ACTION ITEM:
Leaving out pictures, output exactly the lines below from the one that has "Whole and peeled" through the one that has "Proposal Caricature from Photos", and nothing else.

TASK MATERIAL:
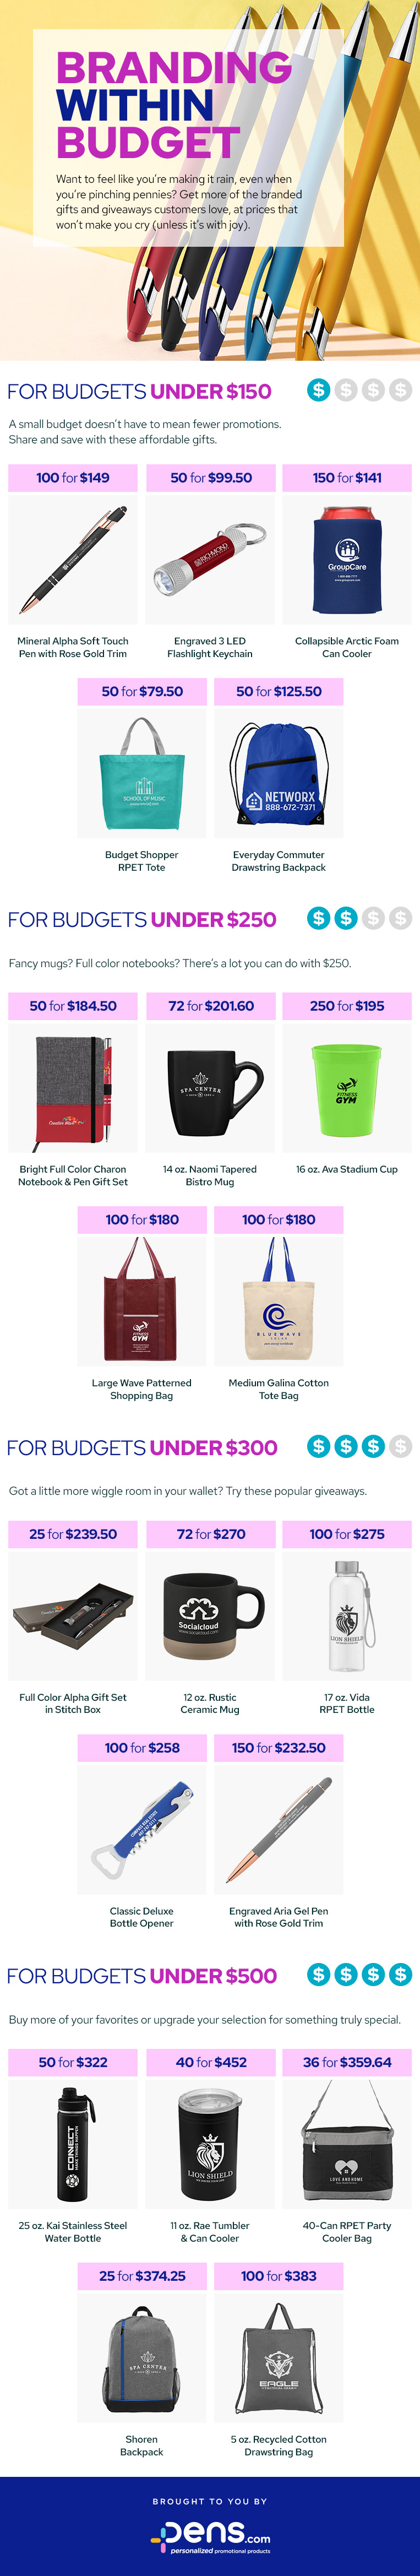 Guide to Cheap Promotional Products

...

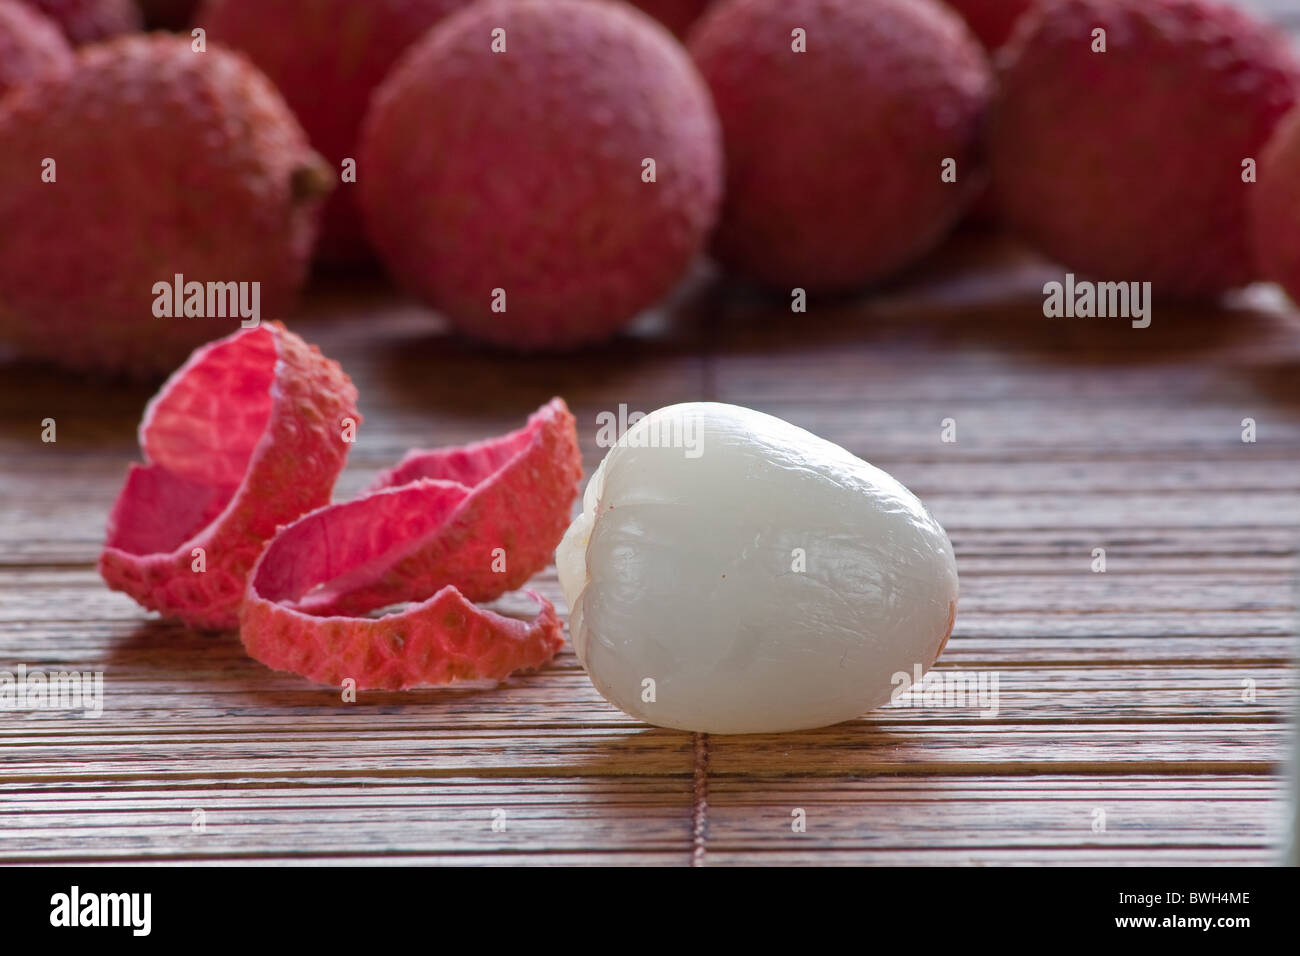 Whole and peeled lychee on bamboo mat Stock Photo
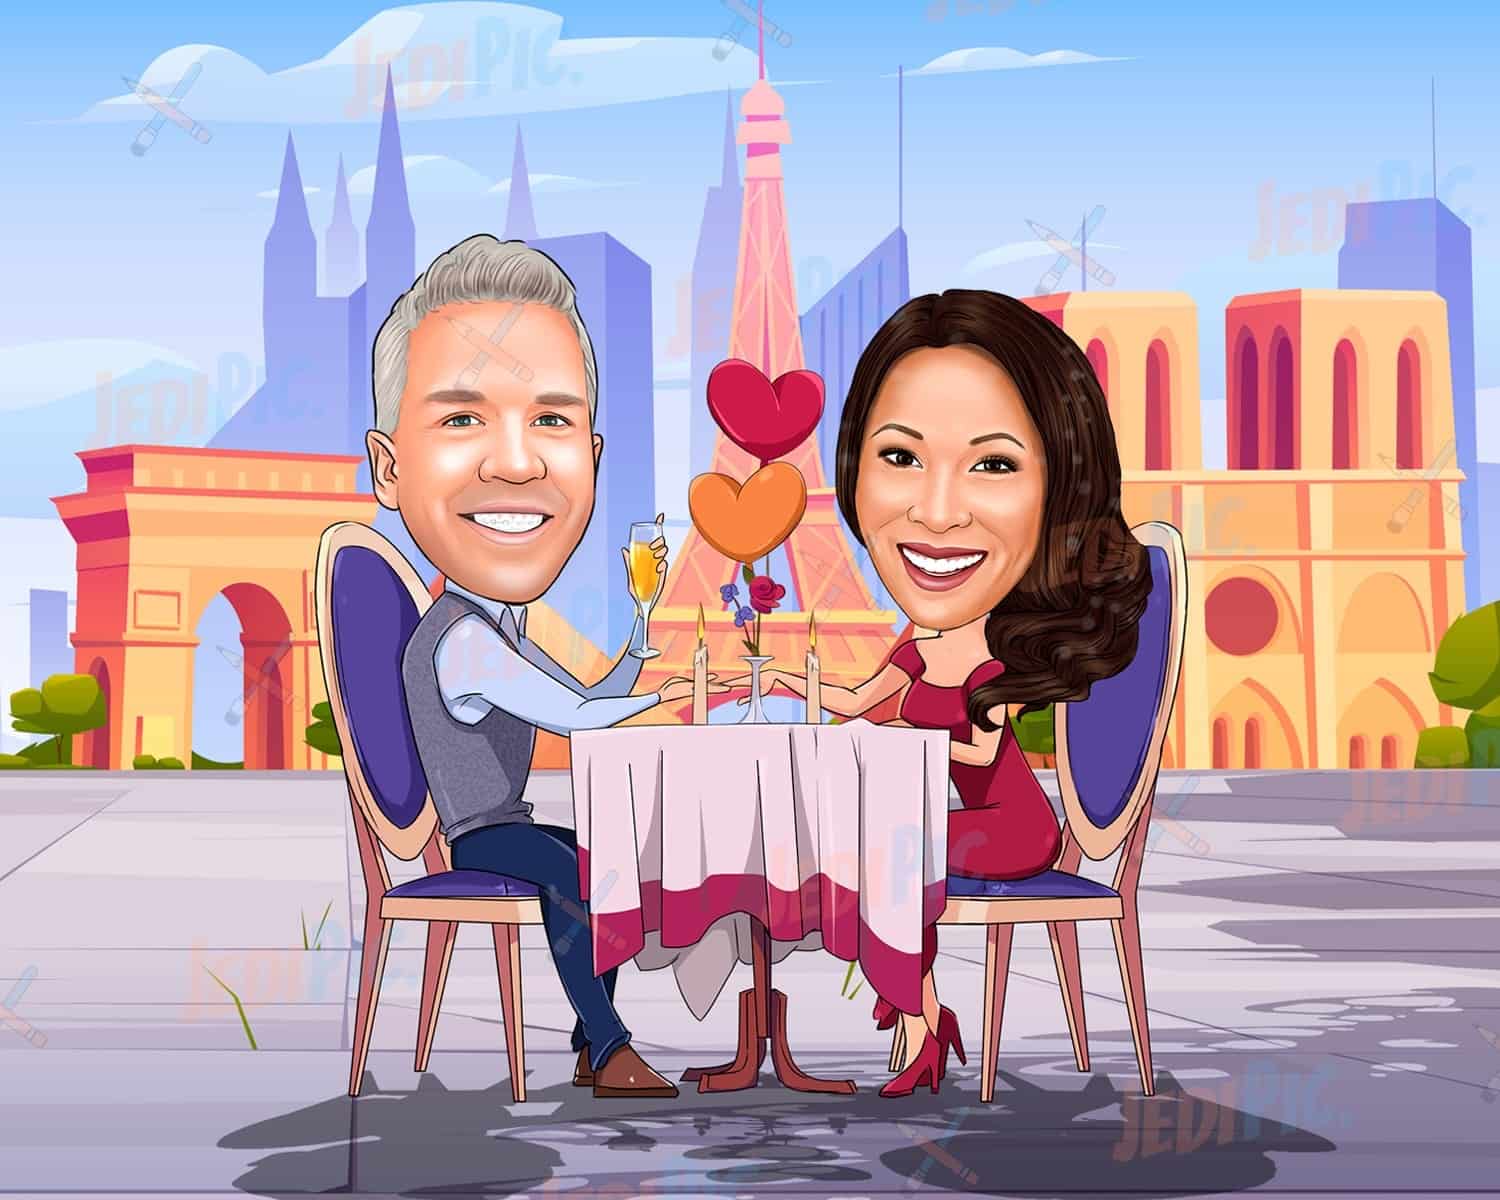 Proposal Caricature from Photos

ANSWER TO THIS TASK:
 Whole and peeled lychee on bamboo mat Stock Photo
 Proposal Caricature from Photos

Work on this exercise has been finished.